First thing I noticed was it opened up the AGENTS.md file and used that which was really promising. However it got a little confused as the project wasn’t yet commited or added to the repo (forgot to do this!).
Wow it seems to work first time! However it has ignored the git rules of using a worktree etc.
Well not quite, the app runs and it allows the image to drop but there seems to be an issue with the display of the image. Lets see if the agent can fix it. From experience I have found that as we only have limited memory it is usually best to start a new chat when trying to add features etc (on bigger paid models we can do far more). So I will start a new thread and see if I can fix things, I have yet to actually look at the code created.
The next prompt I used was
in @main.cpp When loading the image the image seems to get scaled to a very small size and becomes fuzzy.
It thought about it for a bit and decided
I can see the issue.

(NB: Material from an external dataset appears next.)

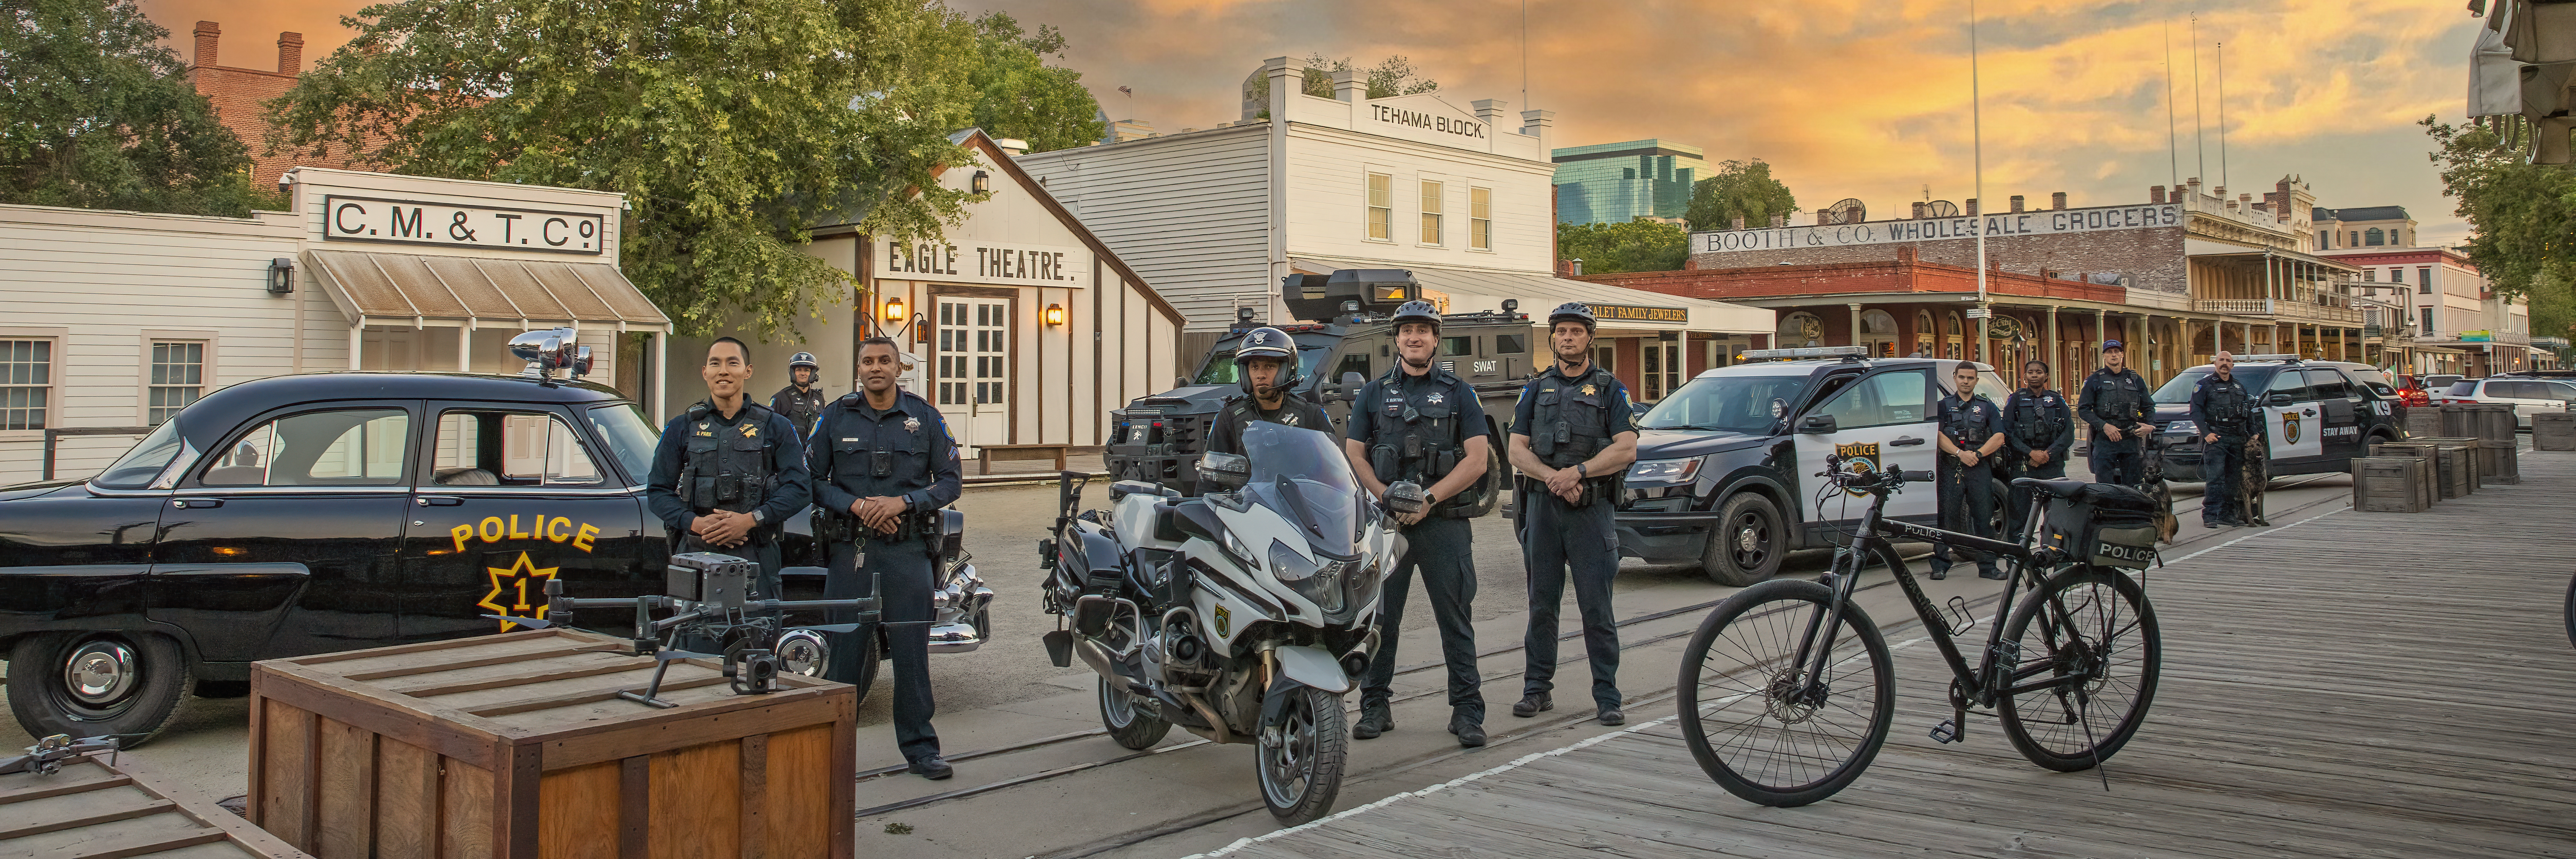 Photograph of police equipment and police officers outside in Old Sacramento

Looking at the `ImageLabel` class (in `main.py`), there are two problems:
1. **`setScaledContents(True)`** (line 58) conflicts with the manual scaling in `resizeEvent` — `setScaledContents` scales the pixmap to fill the label's entire geometry, but then `resizeEvent` also scales it, creating double-scaling artifacts.
2. **`resizeEvent` always scales** the pixmap to `self.size()` regardless of whether the image is larger or smaller than the label. This means even small images get scaled to whatever size the label happens to be, causing fuzziness.
The fix:
- Remove `setScaledContents(True)` — let `resizeEvent` handle all scaling
- Only scale **down** when the image is larger than the label (never scale up)
Which resulted in the following app.
That sort of works, however when I tried to add a 2nd image I get the following error.
uv run main.py
Error calling Python override of QWidget::dropEvent(): Traceback (most recent call last):
File "/Volumes/teaching/Code/AgenticAdventures/ImageDropMacQwen3.6MXFP4_MOE/main.py", line 184, in dropEvent
self.add_image(path)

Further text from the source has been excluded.